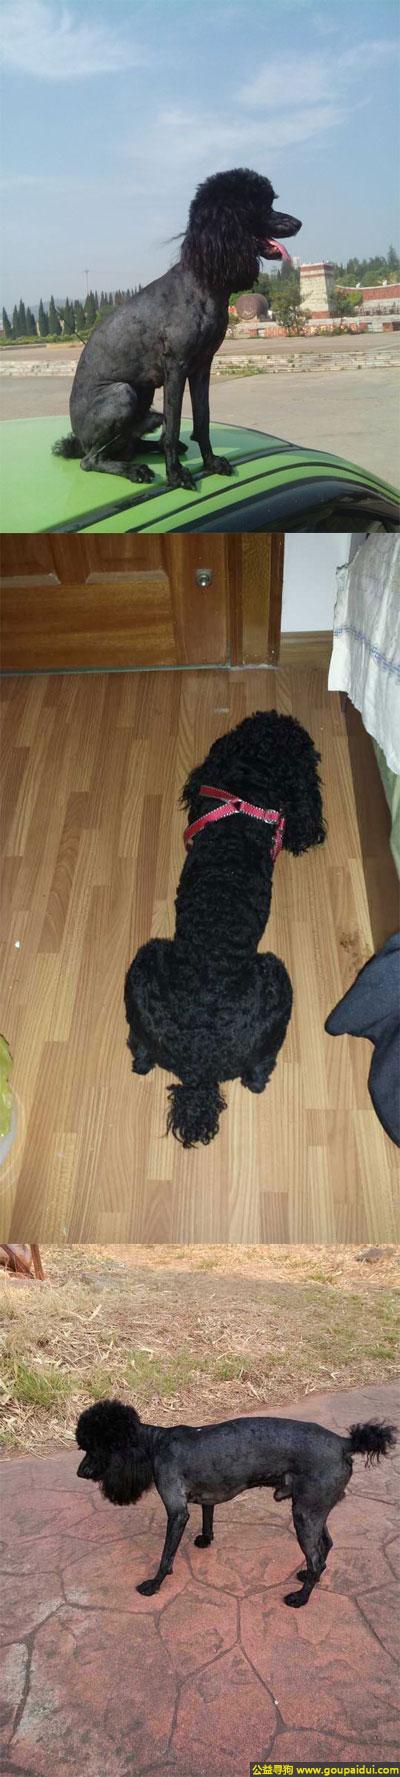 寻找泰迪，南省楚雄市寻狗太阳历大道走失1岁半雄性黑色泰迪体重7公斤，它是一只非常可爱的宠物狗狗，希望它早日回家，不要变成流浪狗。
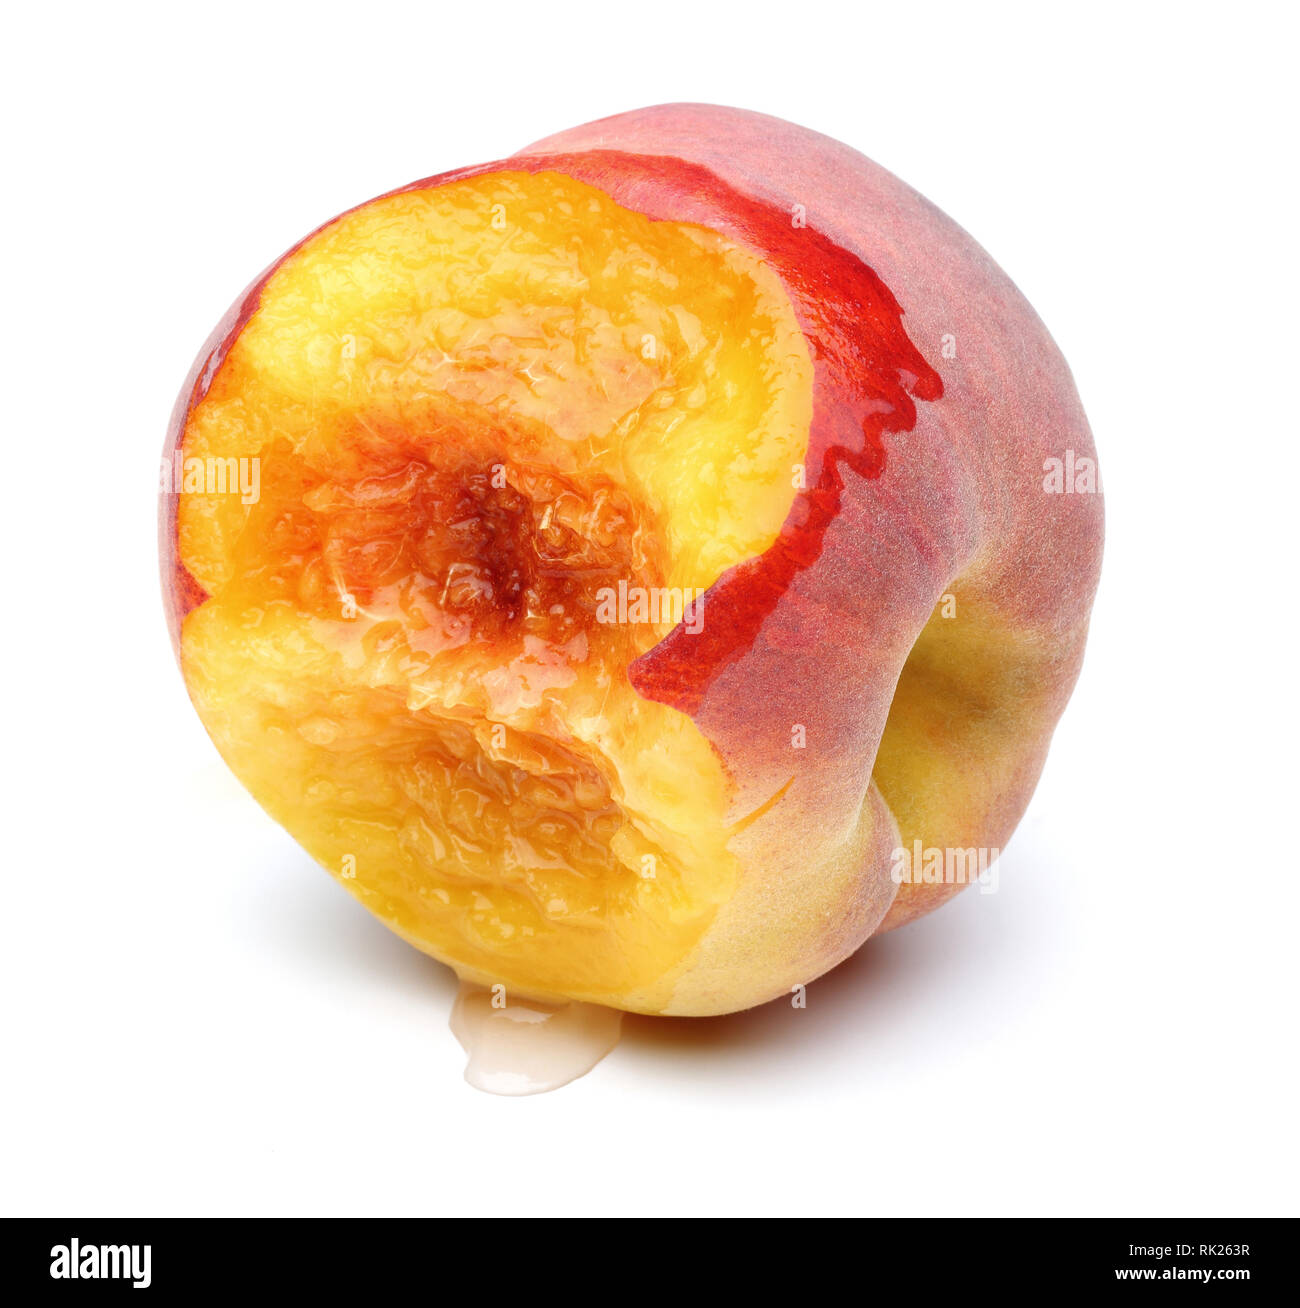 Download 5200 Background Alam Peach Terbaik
==
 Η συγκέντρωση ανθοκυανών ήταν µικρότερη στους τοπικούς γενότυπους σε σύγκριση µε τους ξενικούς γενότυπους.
==
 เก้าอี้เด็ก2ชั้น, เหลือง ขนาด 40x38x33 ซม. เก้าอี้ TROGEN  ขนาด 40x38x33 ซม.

● **WHAT YOU WILL DO**: From the records above, write out exactly the lines that begin at the line with "寻找泰迪，南省楚雄市寻狗太阳" and end at the line with "Download 5200 Background Alam Peach Terbaik". Pictures must not appear in the output.

● **WRITTEN RESPONSE**:
 寻找泰迪，南省楚雄市寻狗太阳历大道走失1岁半雄性黑色泰迪体重7公斤，它是一只非常可爱的宠物狗狗，希望它早日回家，不要变成流浪狗。
 Download 5200 Background Alam Peach Terbaik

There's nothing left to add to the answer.